29 There are other possible reasons that a stepwise procedure might eliminate a variable. For example, if two of the explanatory variables were highly correlated, the stepwise procedure would choose the one most closely related to CAMELS ratings and would ignore the other. In practice, the coefficients used by SCOR are very stable from one period to the next, and the stepwise procedure adds or drops only marginally important variables. In historical tests, SCOR uses almost all the variables each quarter to forecast either a composite or a component rating.
30 Because these weights are calculated with a Taylor first-order approximation, they necessarily sum to 100 percent.
31 As discussed above, SCOR is reestimated each quarter, so the coefficients change slightly over time. As also discussed above, changes in coefficients would occur if, for example, examiners found that underwriting standards had changed.
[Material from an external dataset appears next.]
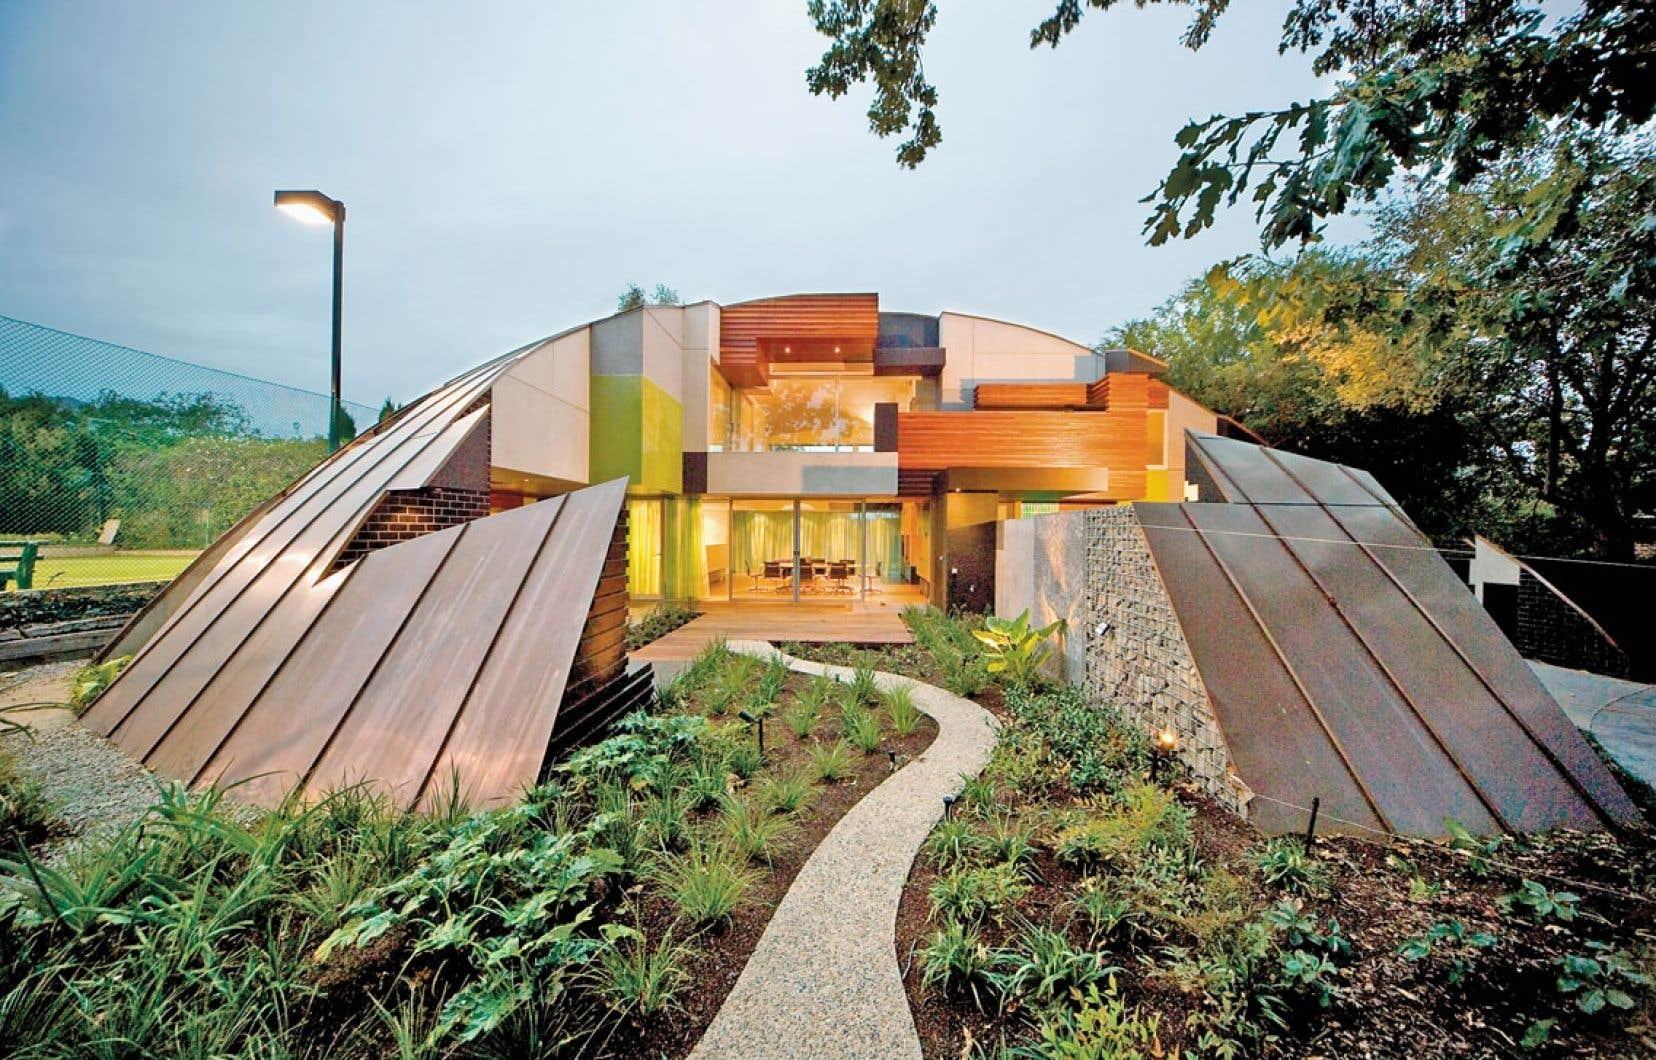 Life Architecturally fait découvrir l'univers créatif d'un couple australien formé par un architecte et une designer.

However, by using the 1998 coefficients to rate banks in 2001 and using 2001 coefficients to rate banks in 1998, one can determine whether the change in SCOR ratings is driven by the underlying financial ratios or by the change in coefficients. This exercise indicates that the change in coefficients accounts for approximately half the trend between 1998 and 2001, while changes in the ratios account for the other half. The change in the model could be interpreted as reflecting examiners’ growing concern about aspects of bank operation (for example, underwriting) that are not measured by the ratios.
32 The distribution of SCOR ratings also resembles the distribution of the average of the six component ratings. It should be noted that this average is not meaningful because examiners would almost certainly assign higher weights to some components than to others. Moreover, SCOR ratings are distributed much like CAEL ratings, though CAEL ratings tend to be lower. (As explained above, CAEL was intended to be “biased” toward downgrading banks, and SCOR is not biased.)
33 See Cole and Gunther (1998).
34 The differences are not statistically significant.
35 The Federal Reserve Board’s contemporaneous SEER model includes management ratings.
36 As discussed in the main body of the text, however, bank supervisors are relatively unconcerned about distinguishing between 1- and 2-rated banks.